In a PWA, we did not want to count on the back button being there. A PWA (when installed) will appear without the web browser “chrome”, losing its back button, reload button, and URL field. We either need to address the user’s expectation for these features, or provide an experience that feels less like a web application and more like a native application.
HighTide application viewed from Safari browser on iPone (left) vs. “chrome-less”, when installed to home screen
This is where the principle of moving forward comes in. We designed the app without “dead ends” that would require the use of a back button. On every screen, there’s a way forward. We made sure the ways forward are clear in every use case.
With the PWA “always forward” style, the navigation itself had to feel obvious. We created a floating button and kept it visible above all other content, then added all the tide-finding options to it. Granted, there’s only three – so a more complex application might require a different nesting style.
The navigation menu is always visible, and positioned at the bottom of the screen like it might be in a native app.
Considering Appropriate PWA Iconography
One UI decision we had to make was whether to follow the Apple geolocation icon (the arrow) convention, or the Google one (the target looking thing) . We ended up with the Google convention, because it has greater adoption as a standard at this time. The target itself has become a convention on the web, so much that we tried but discarded a stylized outlined version of the icon in favor of the recognizable filled-in one.
Another style of “navigation” we added were the ambient indicators of time of day and moon phases. The moon phases affect tides (but did not warrant a text description of their own), and the color shift helped visually anchor the user in the time of day as they scroll forward and back in the horizontal timeline. These felt like an immersive “native app” type experience rather than something that typically lives in the browser. You can read how the background gradients came together in an awesome detailed post by my colleague James, who implemented them.

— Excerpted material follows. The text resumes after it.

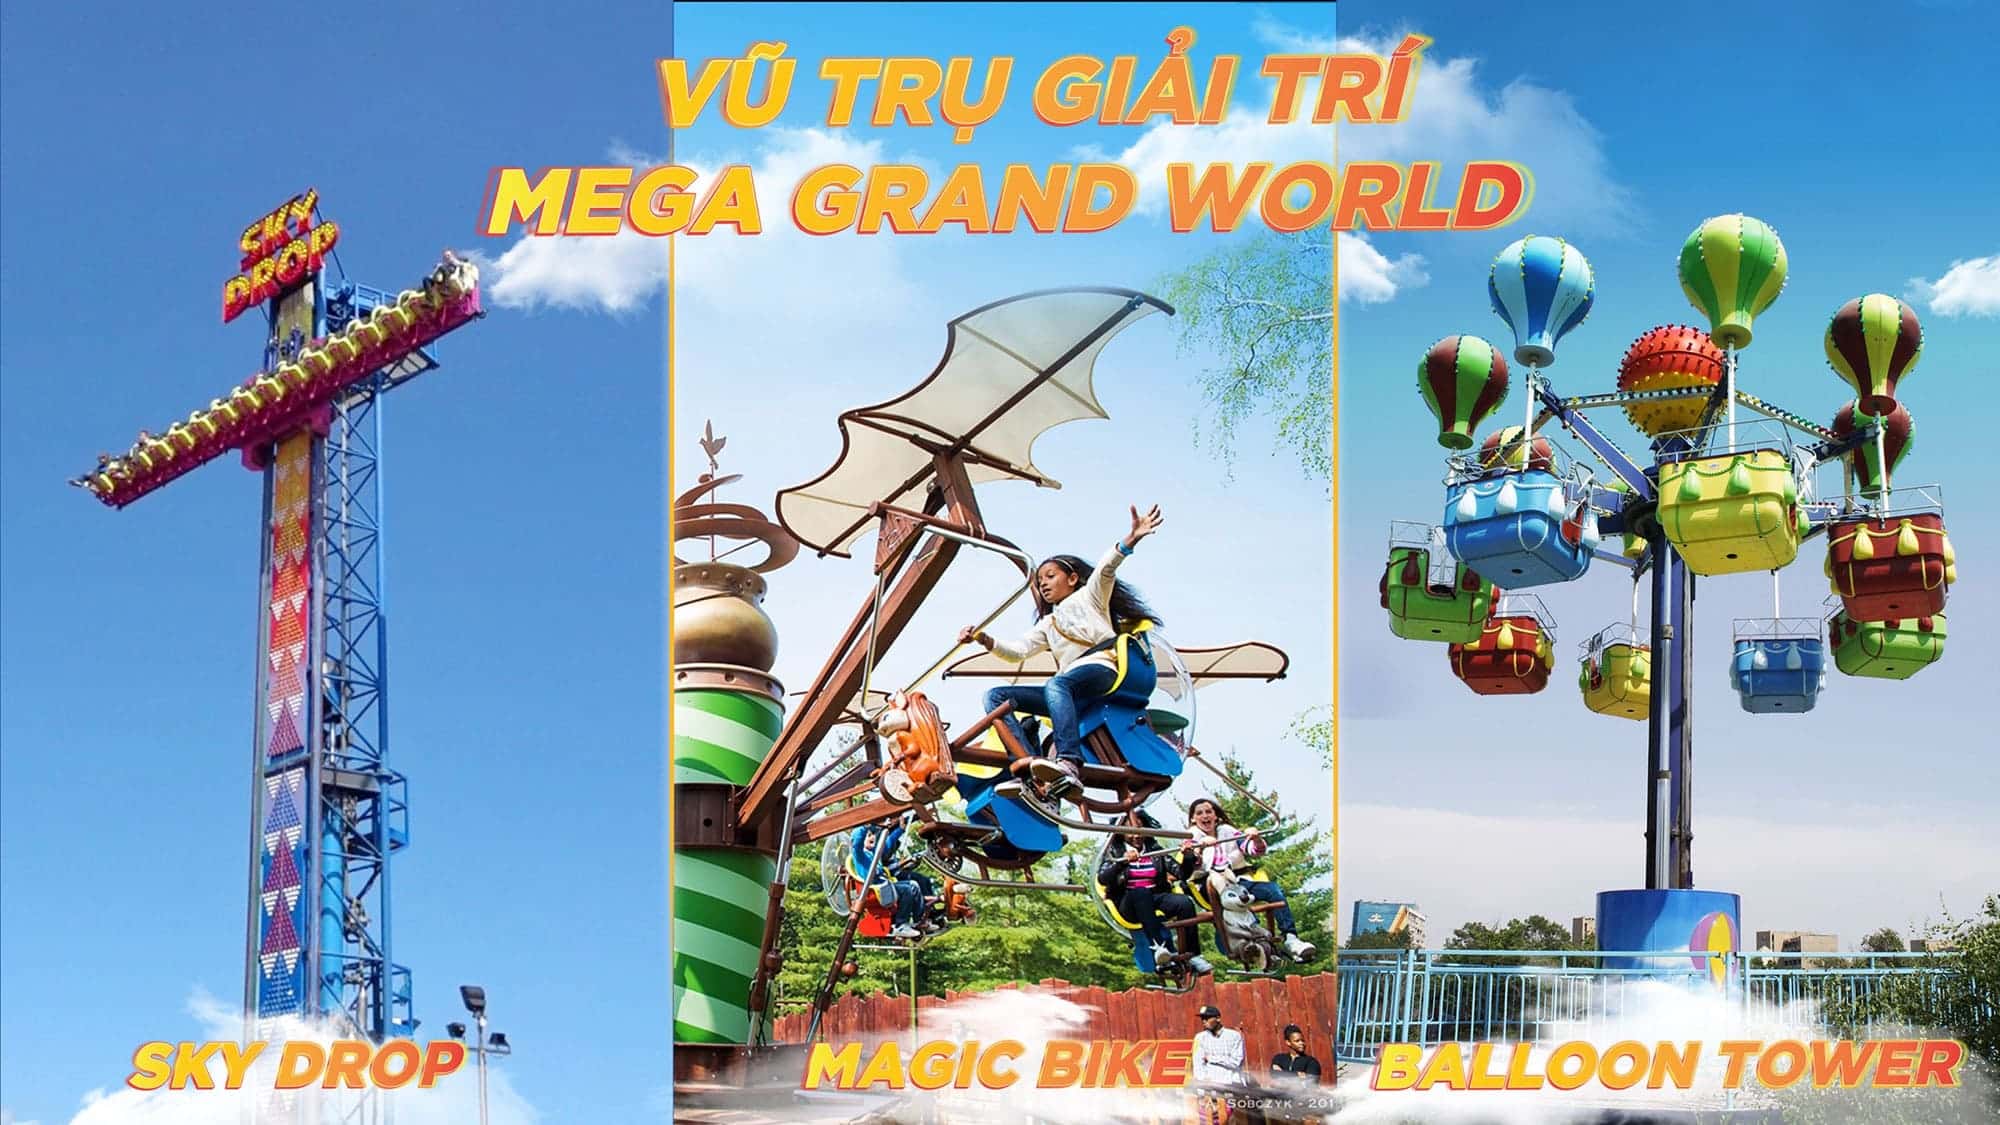 Mega Grand World là điểm đến của những cuộc vui, sự kiện và lễ hội hấp dẫn.

The design work for these gradients consisted of finding a balance between a realistic, multi-color sunset look (with up to five distinct colors) and a more performant gradient with only two. On top of this, the gradient colors representing light conditions needed to look natural under the same lighthouse graphic, and be dark enough in the center of the screen to keep the white text readable.

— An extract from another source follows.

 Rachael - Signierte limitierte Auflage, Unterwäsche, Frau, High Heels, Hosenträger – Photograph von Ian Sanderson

The first iteration of the gradients felt like too much color. Contrast was acceptable, but the “natural” placement of the lighter sunset colors near the horizon made the location name harder to read.

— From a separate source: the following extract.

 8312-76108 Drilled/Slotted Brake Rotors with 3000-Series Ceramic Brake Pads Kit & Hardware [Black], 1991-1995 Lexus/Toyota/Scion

After experimenting with a few distinct horizontal bands of color, we settled on a simpler “atmospheric” color set instead. This also solved the problem of changing tide height: ideally, a visible color horizon should line up with our water level indicator – but it would be unnecessarily complex to implement a color shift with the changing water level. Shifting to a simplified color scheme solved this.
The final set of colors, plus an approximate indication of how long each light phase would last in a day.
By addressing the absence of a web browser “chrome,” navigating iconography challenges, and providing content-relevant navigation cues, we made an app that answers the UX expectations set by native apps, but can be distributed and accessed seamlessly on the web. The technology behind PWAs allowed us to make much of the explicit “button” UI disappear, and replace it with subtler effects. Not one of the tools we used is groundbreaking by itself. What felt new and refreshing is the combination of speed and lightness with the UX-first approach, for a use case that would have had to be either a website or a native app just a year or so ago.
And, we got a nice shout-out from a user on stage at the Google Dev Summit!